@Doug S those are good points that i agree with in general, but we have to draw a line somewhere, as there are benchamarks from all camps:
1) We have benchmarks where source code is available - for example SPEC that follows what You wrote to the letter, they even allow to override malloc library use for allocations and use some custom heap library. And then compiler and vendor games fully start and results between two vendors or even two systems are not really comparable and who knows what they mean? They have to dislose setup, flags, but all sorts of crazy compiler, malloc tunes happened in the past.
Even when testing is done by one house like Anandtech used to, it still left a lot of question like "should we use latest compiler, what is vendor A compiler produced code scores that are in fact better on vendor B system, but noone will use it in real world etc.
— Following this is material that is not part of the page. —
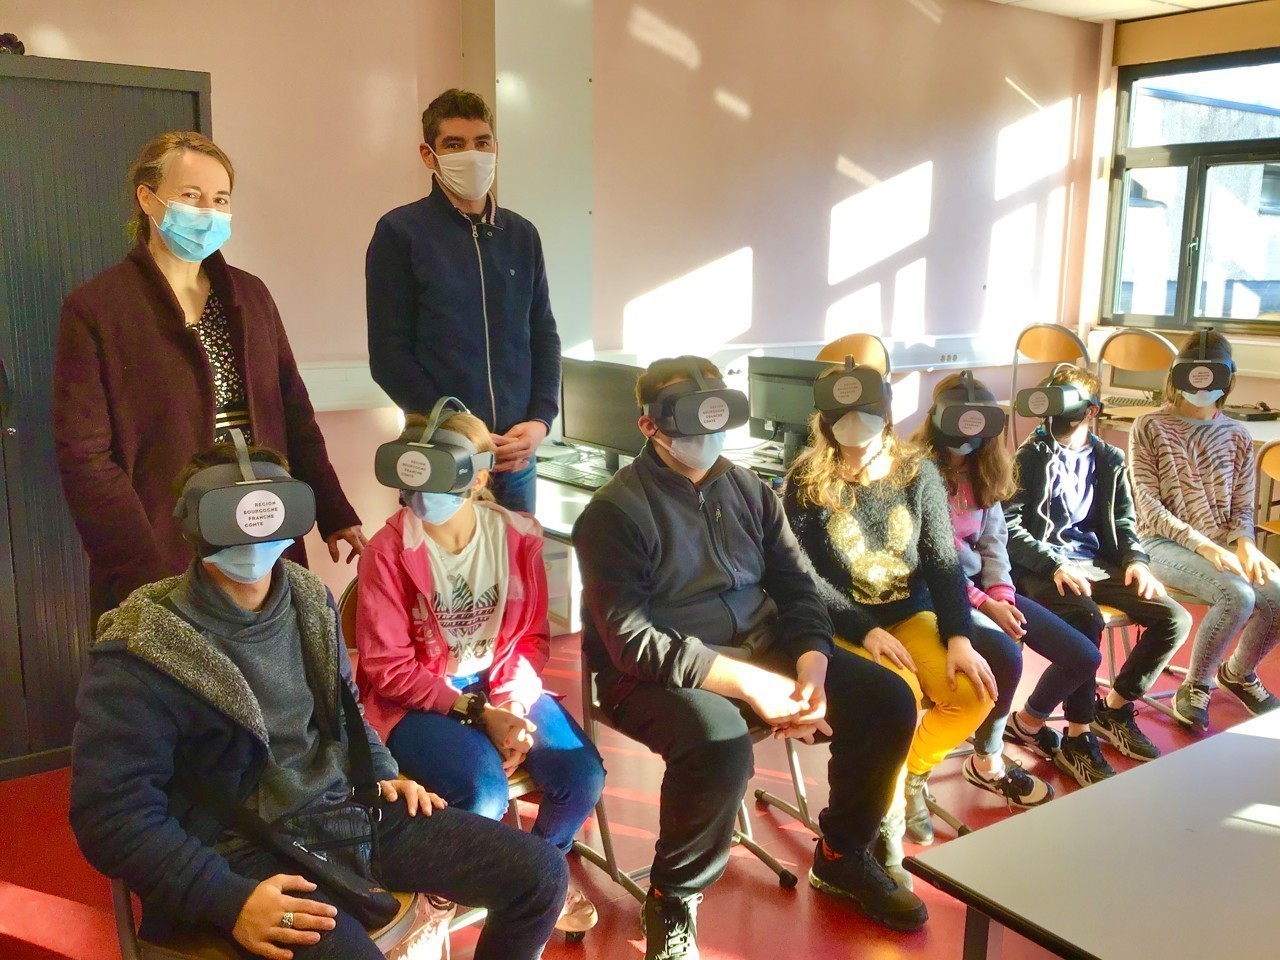 At the College Saint-Exupéry in Lons-le-Saunier, we test jobs with virtual reality headsets

2) Black box benchmarks, that focus some narrow parts of performance spectrum, the usual suspects are well known. At some point they have same connundrum of benchmark evolution and "optimization" as (A), say some sort of hardware video encoding acceleration is now available, should it be represented in their benchmark? What if whole field has changed and noone is using CPU to render images anymore? What about Apple or AMX acceleration if they test some CPU AI/DL workload? Lot's of questions here.
3) The effort from company that produces GB5 suite, that is closed source, with binaries provided, but who seem to get better with years with their benchmarks. They are not really calling any libraries and target CPU as i believe is important on mobile and desktop. I have already posted above that i like their choice of benchmarks, for example gone are the AES tests, gone are FFT. Heck, even thing like "jpeg encode speed" are no longer tested -> mobile phones have dedicated hardware and on desktop if anyone needs a mass JPEG processing pipeline for professional work, well they need to get their head checked if they are not using specialized libs and/or CUDA. In its place is a workload that uses DL to clasify images and dealing with tags -> much wider task than just encode/decode JPEG.
See for Yourself what they test, makes a lot of sense to me.